Замиренному социуму эпохи Токугава соответствовало ощущение того, что и природа Японии тоже пребывает в замиренном состоянии. Если в прошлый период любое, даже незначительное природное бедствие воспринималось как новое дурное знамение и вело к смене девиза правления (Мещеряков 2016), то теперь дела обстояли иным образом. В это оптимистическое время конфуцианское Небо было «довольно» порядками, царящими на японской земле, – продолжительность девизов правления становится существенно больше, чем в предыдущий период. В сознании современников (власти) аномальных природных явлений становится намного меньше, чем раньше. И это несмотря на то, что данные современной климатологии указывают на существенное временное похолодание в XVII–XVIII вв. Город Эдо, где располагалось сёгунское правительство, находился в более сейсмоопасной зоне, чем Киото (резиденция императора). Тайфуны в прибрежном Эдо также случались чаще и имели значительно более разрушительный характер. Так что землетрясения, цунами и тайфуны регистрировались в Эдо намного чаще. Огромные размеры города, узость его улиц, деревянные строения, скученность населения провоцировали регулярные опустошительные пожары. Однако все эти напасти, включая сильнейшие извержения вулканов Фудзи (1707 г.) и Асама (1783 г.), не могли поколебать уверенности в благодатности нынешнего правления и, даже вызвав временное похолодание, неурожай и голод, не привели к изменениям девиза правления.

С 1611 г. (воцарение Гомидзуноо – первого императора, взошедшего на трон при Токугава) и до интронизации Мэйдзи (1867 г.) всего пять раз девизы правлений были изменены под прямым впечатлением ниспосланных Небом бедствий, что отражает не только стабильность общего строя жизни и спокойную политическую ситуацию в стране, но и сопутствующее им оптимистическое сознание.
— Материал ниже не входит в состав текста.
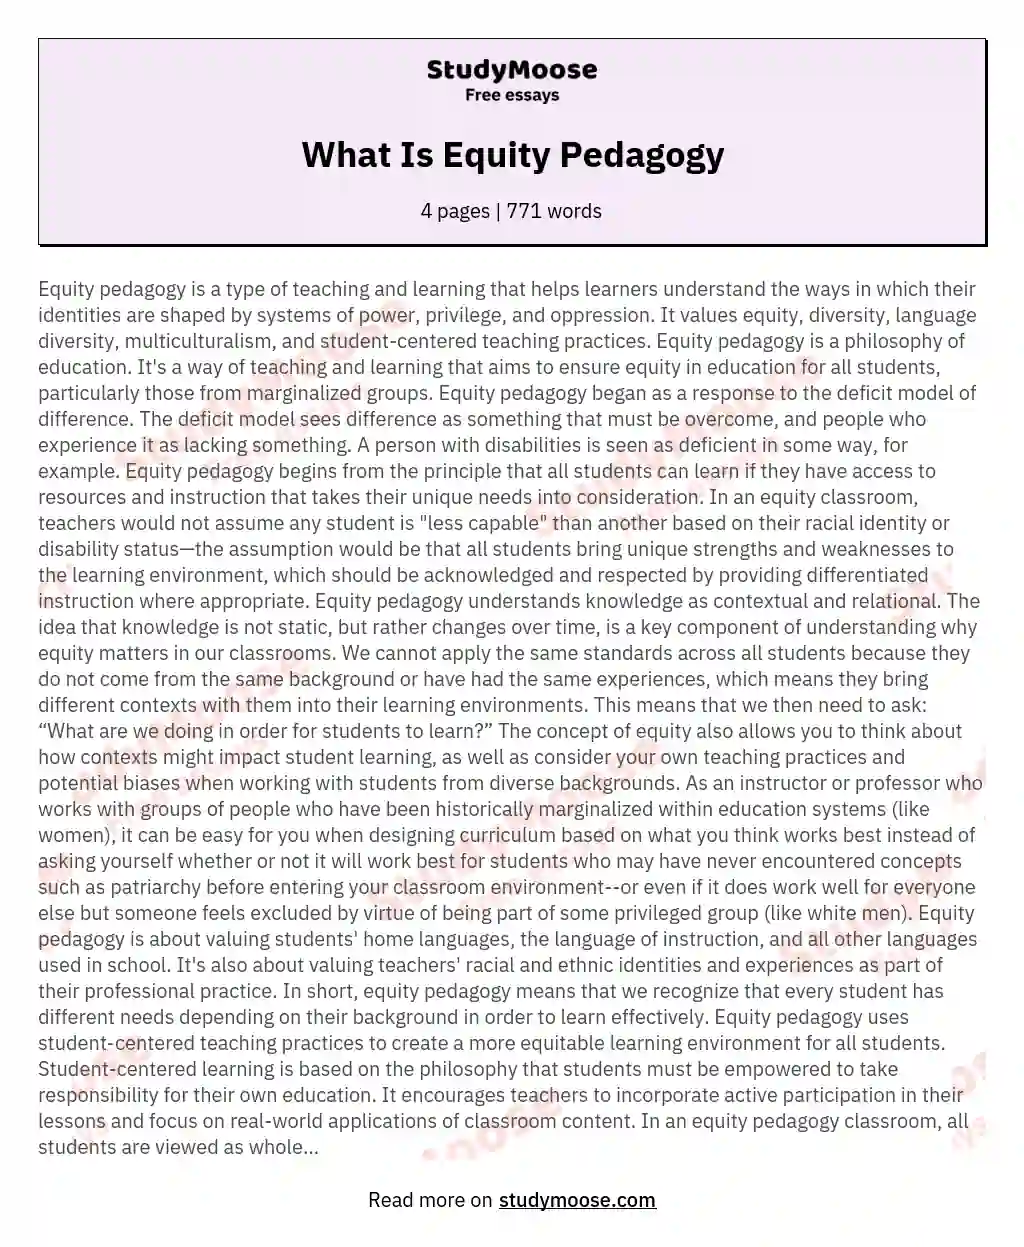 What Is Equity Pedagogy essay

В эпоху Токугава Японию часто характеризуют как страну «божественную» (синкоку) – созданную синтоистскими божествами1. Прежних же мыслителей начинают упрекать в том, что они считали «уважаемыми странами только Китай и Индию» (Аидзава Сэйсисай 1973: 243). Такому пониманию способствовала не только удовлетворенность нынешними порядками, но и необходимость теоретического обоснования политики закрытия страны, сопровождавшейся поисками отличий Японии от зарубежья, обоснованием уникальных свойств своего государства. В создание такого дискурса оказались вовлечены приверженцы как синто, так и японского варианта конфуцианства.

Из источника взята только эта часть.